A free alternative to TeamViewer and AnyDesk

Universal Connector

Article from Issue 266/2023

For a long time, TeamViewer and AnyDesk dominated the remote maintenance software market. Recently, a new player entered the scene in the form of the free and GPL-licensed RustDesk.

SSH has been considered the gold standard for managing remote machines at the command line on Linux for years. If you prefer a graphical approach, you can use, say, VNC. As long as this all happens on your organization's network, there are rarely any problems.

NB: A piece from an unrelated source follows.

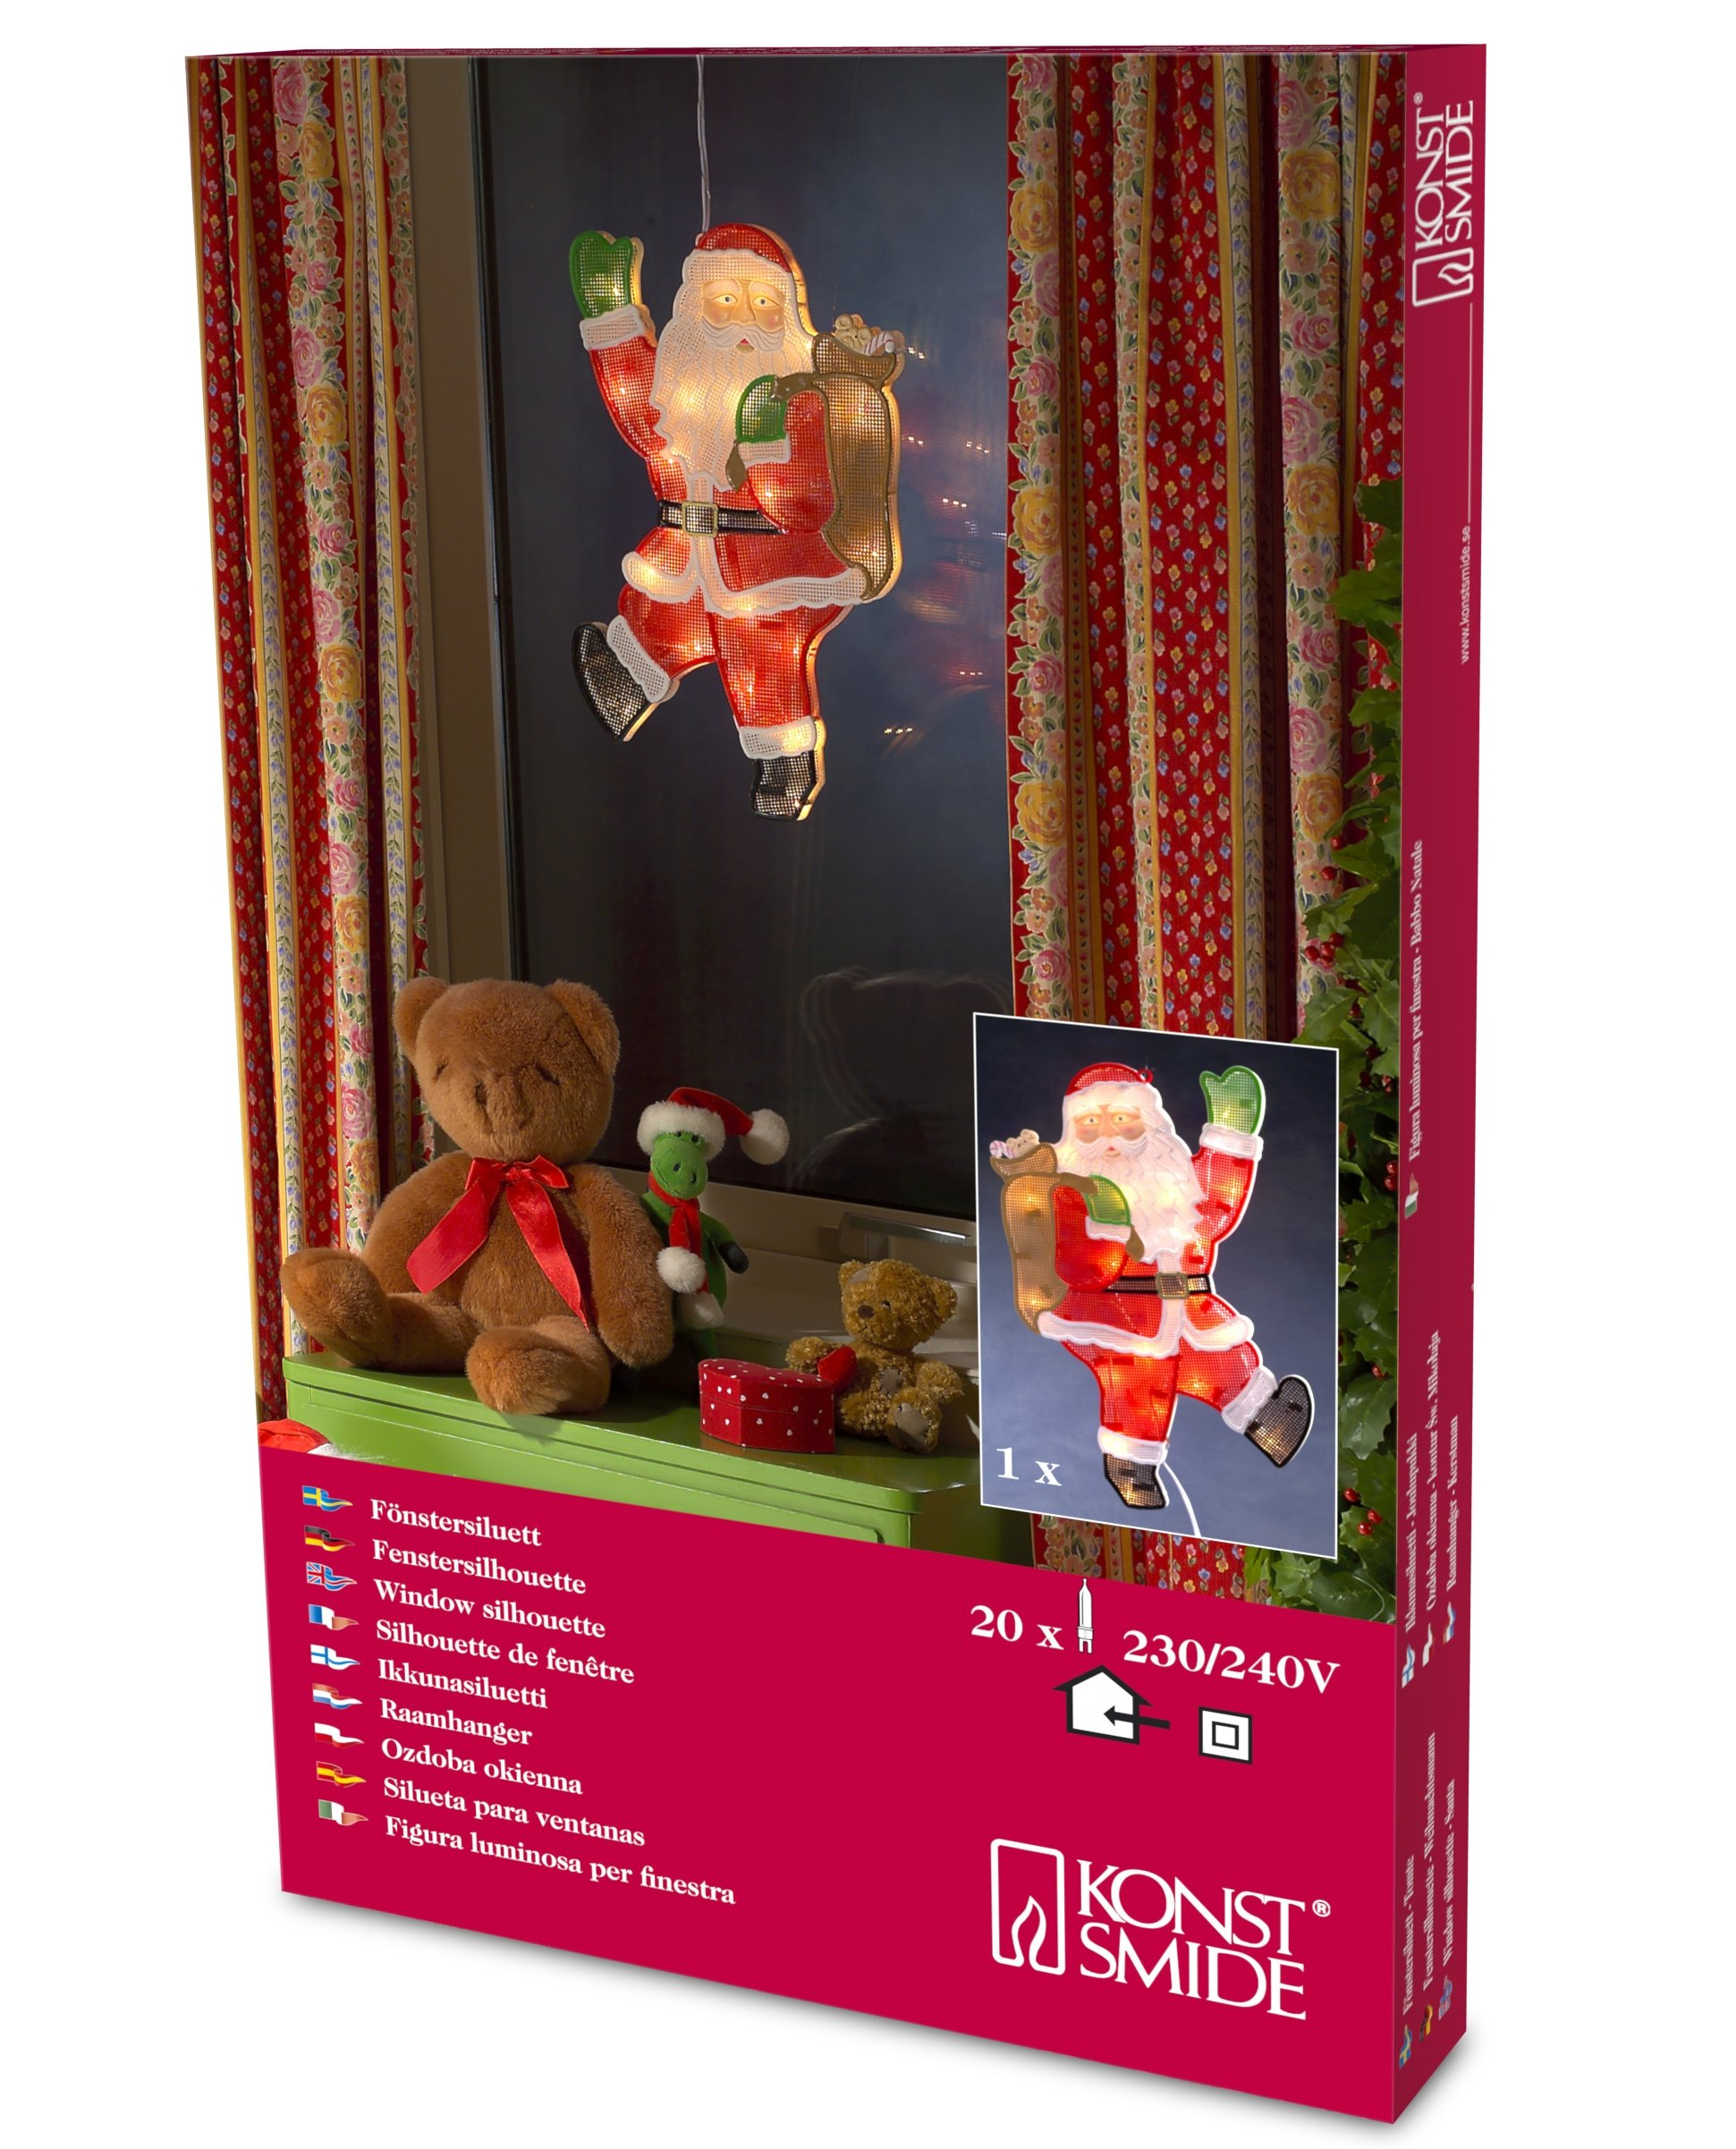 Konstsmide-2850-000-Fensterbild-Weihnachtsmann-fr-Innen-IP20-230V-Innen-20-klare-Birnen-weies-Kabel

Access to other computers via a public network is different. Because the remote stations on private networks cannot normally be easily reached via the Internet, an go-between is required, such as TeamViewer or AnyDesk. This is a public server that knows the clients' IDs and how to reach the clients. But these two candidates have two issues in common: The sources are not open, and the commercial versions are quite expensive. For example, TeamViewer charges just under $40 per month for a single-user license, while AnyDesk charges about $15.

Free Alternative

RustDesk [1], on the other hand, shares its sources and is free of charge – even for commercial use. The project, which was launched only about one and a half years ago, is released under the GPLv3 and is freely available to everyone. The sources and binaries can be found on RustDesk's GitHub page [2]. The software, which – as the name suggests – is written in Rust, is available for many different platforms, including Linux, macOS, Windows, Android, and iOS.

The feature set should be fine for most use cases. Besides transferring the desktop, the tool lets you transfer files, share the clipboard, and pass through audio. On top of this, RustDesk integrates a chat function with which you can exchange information with the other party – useful if you work in support.

A connection server, which you need for access via the Internet, is provided by the project free of charge as a service. On top of this, it also offers software that lets you host a connection server yourself. This means that you can design your remote infrastructure completely independent of third-party computers or companies.


The project provides clients for openSUSE, Manjaro, Fedora, and Ubuntu, among other Linux systems, on its website [3].

After downloading the right version for your system, you can install the software using your distribution's package manager. On Ubuntu, just download and a click on the DEB file to start the install. It is noticeable that the package manager drags in quite a large number of dependencies from the repositories.

The software sets up an auto-starter during the install. This means that it loads automatically each time the computer reboots, and you can access the computer externally. RustDesk always runs with the rights of the user who uses it.

First Launch

After successful installation, you can launch the program on Ubuntu via Others | RustDesk. Other distributions may use different paths here. For help finding the path, you can search for RustDesk in the menu.

The user interface (Figure 1) is very tidy and clearly arranged. When first launched, the application generates a random, nine-digit ID, which it displays in the left column of the window under ID. You can use this number to let other clients access your computer. Below it, you will see the Password field. The software assigns a random password here. If you want to specify your own password instead, click the pencil icon to the right of the asterisks. The only requirement for the password that the tool expects is a length of at least six characters. To view the password, just hover the mouse over the field with asterisks.

Figure 1: When first launched, RustDesk comes up with a clear-cut and tidy interface.

In the central area of the window, there is a Control remote desktop box at the top. This is where you enter the ID of the other end of the connection. The area below this is used to manage connections. On the left, you will find the last sessions you opened in Last Sessions, with the Favorites next to them, and the Found tab one door further down. This is where the software lists the computers on the local network with an active RustDesk instance. The Address Book tab lets you store the connections centrally on the project server, making them available from any computer. But, in our lab, we only saw messages stating that the specified host was unknown (Figure 2).

Figure 2: Sorry, wrong number: The infrastructure for centralized storage of the address book does not currently exist.

Clarification of this issue came from reading the FAQ on GitHub, which states that the server page is not yet operational, whether you host it yourself or use the public server.